Perhaps we can at least understand these error and restrict to specific
tests? This could gives us a better testing and also Frank could try to
run the same tests on his systems.

Riccardo

--- SoupGate-Win32 v1.05
* Origin: fsxNet Usenet Gateway (21:1/5)

From Riccardo Mottola@21:1/5 to Riccardo Mottola on Mon Jan 17 21:40:02 2022

Hi,

Riccardo Mottola wrote:

John Paul Adrian Glaubitz wrote:

Not nice. I started compiling some stuff and the box froze, I connected
serial console and could not resume due to Fast Data Access MMU miss"

So, this crash occurs with the latest 5.15 kernel on your T2000?

exactly latest kernel.

I will retest it with stress-ng as soon as I finish this email and copy
the dmesg errors.

wow, running the test suite once or twice, I am able to have the system power-cycle... wow

Frank test latest kernel on yours :)

Riccardo

--- SoupGate-Win32 v1.05
* Origin: fsxNet Usenet Gateway (21:1/5)

From Frank Scheiner@21:1/5 to Riccardo Mottola on Wed Feb 2 15:30:01 2022

Hi Riccardo, all,

On 17.01.22 21:35, Riccardo Mottola wrote:

Hi,

Riccardo Mottola wrote:

John Paul Adrian Glaubitz wrote:

Not nice. I started compiling some stuff and the box froze, I connected >>>> serial console and could not resume due to Fast Data Access MMU miss"

So, this crash occurs with the latest 5.15 kernel on your T2000?

exactly latest kernel.

I will retest it with stress-ng as soon as I finish this email and copy
the dmesg errors.

wow, running the test suite once or twice, I am able to have the system power-cycle... wow

Frank test latest kernel on yours :)

I yesterday found the time to give Linux 5.15.0-3 a try on my T1000
(UltraSPARC T1) and V210 (US IIIi), but the boot issue is still there -
at least for my use case: The klibc based tools inside of the initramfs
are not able to mount the root FS over NFS (details further below).

But it's still good to see that mounting an on-disk root FS seems to
work now for your T2000, though the instabilities during runtime are not reassuring.
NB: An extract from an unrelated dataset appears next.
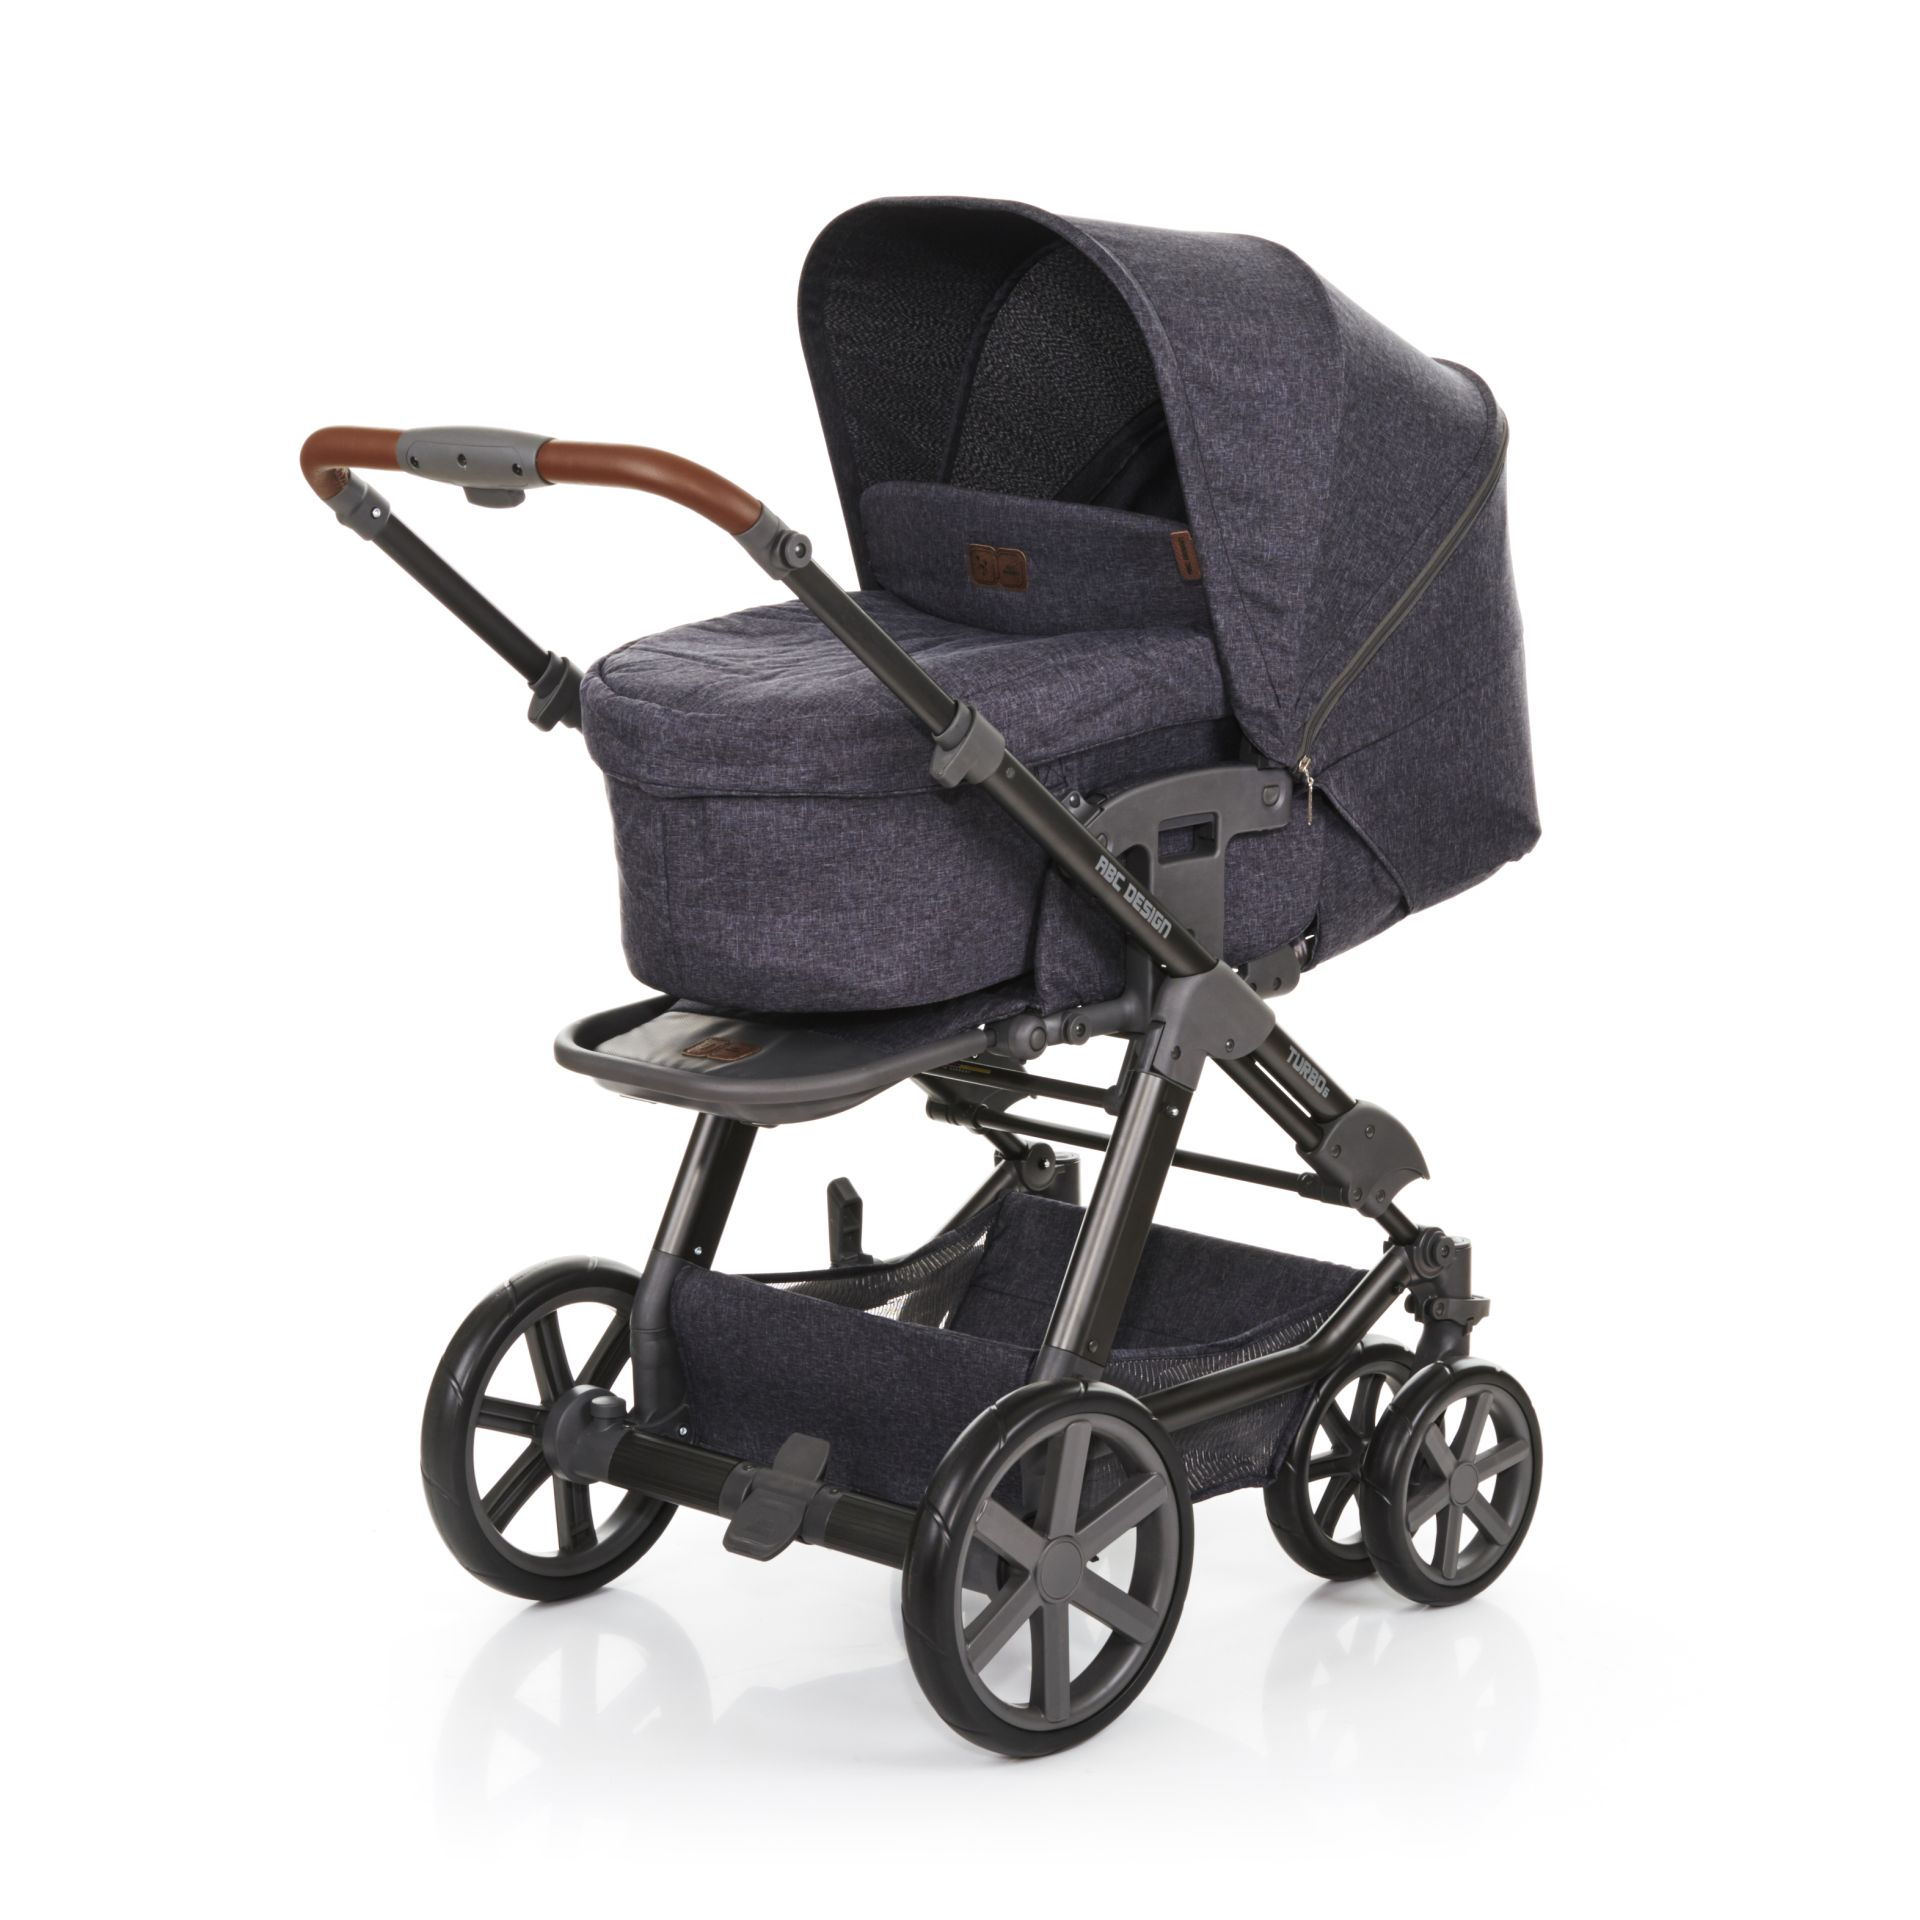 ABC-Design stroller Turbo 6 2018 street - Buy at kidsroom ...

For me the last good Debian kernel - at least for booting, more on that
shortly - is 5.9.0-5. Both T1000 and V210 boot fine with it (incl.
mounting the root FS via NFS(v3 BTW)). But during operation (tested with
`apt upgrade` on a root FS replicated multiple times for testing from
the same tarball) the V210 crashes (=> kernel panic), the T1000 does
not. For the V210 I also see that for 5.8.0-3. Doing the same with
kernel 4.19.0-5 running on the V210, no problems are seen, not even the messages below.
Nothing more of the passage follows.